I'm really glad that I brought my hoodie with me, I'm going to have to dig it out of the trunk of the car!
Gotta go, time to pack up the car and get on the road. I'll write more tonight.
13 April 2007
Sick and Tired and Brains and Hail
I've been fighting a mild cold all week. It's not bad enough to keep me in bed all day, but I feel like I'm operating on about 50% of my usual steampower. I bet you didn't know I run on steam, did you? That's why my ass is so big, to make room for the boiler.
I haven't really been able to stay home from work to recover, because this week has been one of the busiest I can remember, and next week will be about the same. So will this weekend; I have to go in to the office tomorrow.
I'm going to need for you to go ahead and come in on Saturday, mmkay? Oh, oh, and I almost forgot. Ahh, I'm also gonna need you to go ahead and come in on Sunday, too.I went to work late two days this week (sanctioned by my very cool boss, of course) so I could try to get a little extra sleep in the morning, since I've also been having trouble staying asleep all night. I'm physically tired from the cold and the insomnia, and mentally tired from a long week at work.
Do you ever get that feeling where it seems like your brain is simply full? It's a weird physical discomfort as well as a mental one, like you've short circuited. It's hard to think, and impossible to find motivation to care about what you're supposed to be caring about. The brain has shut and locked all its windows and put up a sign on the medulla oblongata stating, "No solicitors. This means you." Anything you try to force into it bounces right off.
At that point, the only things to be done are: a little solitaire or sudoku, or a walk across the street to JD's for a sugar cookie and cherry limeade, or an insane laughfest over the cubes (it helps when it's 4 p.m. on a Friday and everyone's feeling the same as you), or Karen's entertainment news report. Basically, something that doesn't require any actual brain processing power.
This evening, a big storm rolled through. I got home from work, complete with hard-boiled brain, and laid down on the bed trying to figure out if I had the energy to go out to dinner with Leslie for her birthday (unfortunately I didn't... I simply wouldn't be able to be "on" and social in any capacity this evening). A few minutes later, the tornado siren in our neighborhood started blaring. We turned on the TV weather station and decided to prepare the closet under the stairs for shelter. Doc rounded up the fuzzy kids, I got the cat carriers out of the garage, and we filled up a couple of water jugs. We put everything plus my cell phone and the laptop in the stairs closet. The tornadoes dissipated before they reached our area, but we did get quarter sized hail for a while, and then some nice hard rain.
01 March 2007
Got tickets! Etcetera
WOOHOO! I am now the proud owner of two tickets to the Police concert in Dallas in June!! Through an odd set of circumstances, I was able to obtain them through a special ticket pre-sale. I think that I will also try to get some tickets at the regular sale on Saturday, to sell on eBay and make my money back.
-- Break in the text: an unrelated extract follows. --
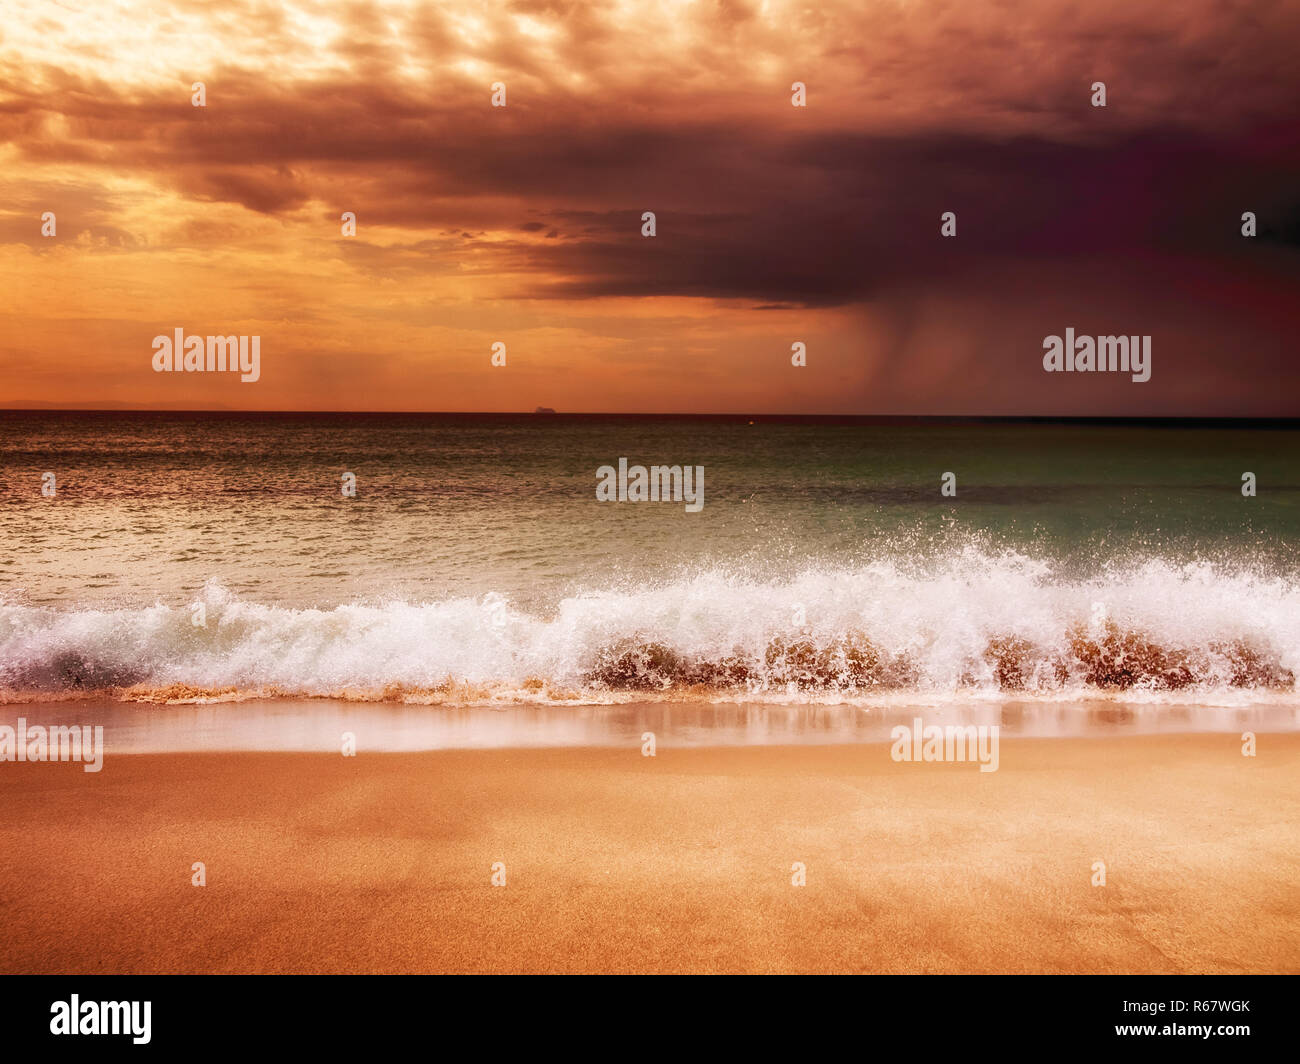 Les vagues sur la plage de sable fin au coucher de soleil Banque D'Images

You seriously don't want to know how much I paid for these tickets. I have NEVER spent this much money on concert tickets before. I sure hope that it will be worth it.
Recent updates:
I got a promotion and a raise at work, and to go along with that, I also get an employee of my very own: a junior designer. I will be shaping the mind and talents of a young artist. Wish me luck!!
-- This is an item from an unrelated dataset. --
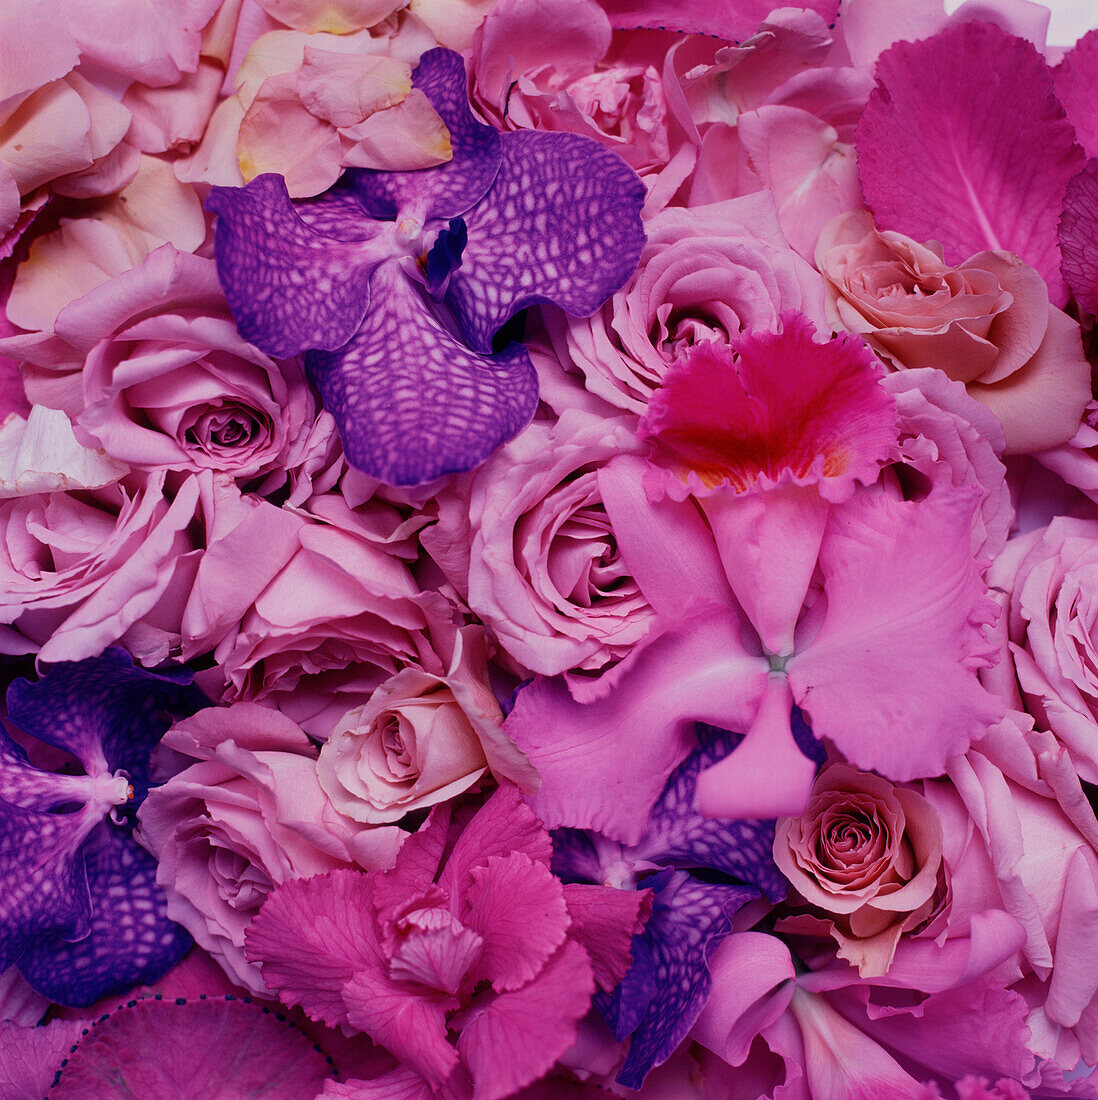 Auslage mit rosa, lila und fliederfarbenen Blumenblättern

Tuesday night I went out for dinner and drinks with Kathryn and Yvonne. I had a fantastic time. It was lovely patio weather once again, and great company.
Today is Brittney's birthday. Happy birthday, if you're reading this!!!!!
We visited our tax man this evening. We owe the government more money than we paid for our down payment on our house (we planned for it, and have enough). Ah, the joys of self employment. At least it wasn't quite as big a bill as we'd thought that it would be.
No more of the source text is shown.